→ **Data for the task**
*** Begin section ***
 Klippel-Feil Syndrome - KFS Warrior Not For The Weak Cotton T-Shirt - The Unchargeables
*** End section ***
*** Begin section ***
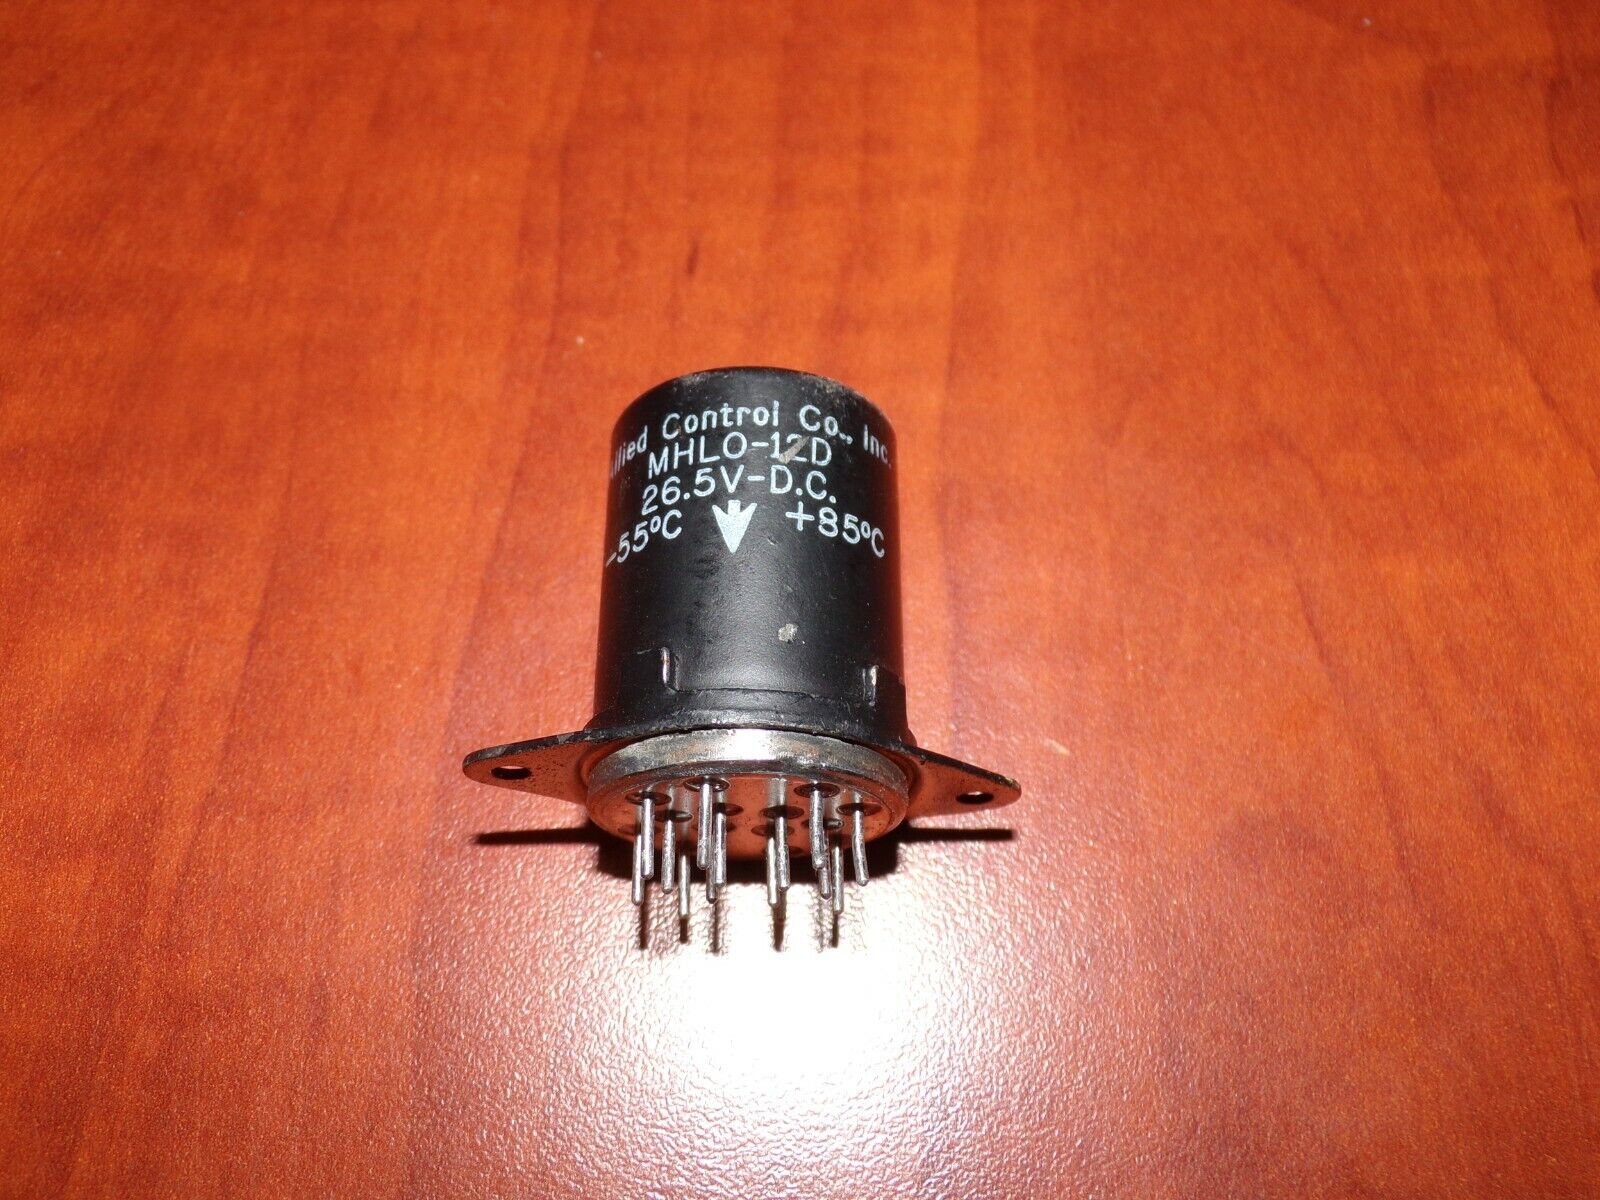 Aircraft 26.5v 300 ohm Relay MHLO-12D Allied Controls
*** End section ***
*** Begin section ***
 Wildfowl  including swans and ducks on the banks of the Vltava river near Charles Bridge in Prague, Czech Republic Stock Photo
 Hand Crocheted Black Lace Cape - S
*** End section ***
After locating the line with "Republic Stock Photo" above, return that line and every later line through the one with "Hand Crocheted Black Lace Cape - S", word for word and with nothing else.

 Wildfowl  including swans and ducks on the banks of the Vltava river near Charles Bridge in Prague, Czech Republic Stock Photo
 Hand Crocheted Black Lace Cape - S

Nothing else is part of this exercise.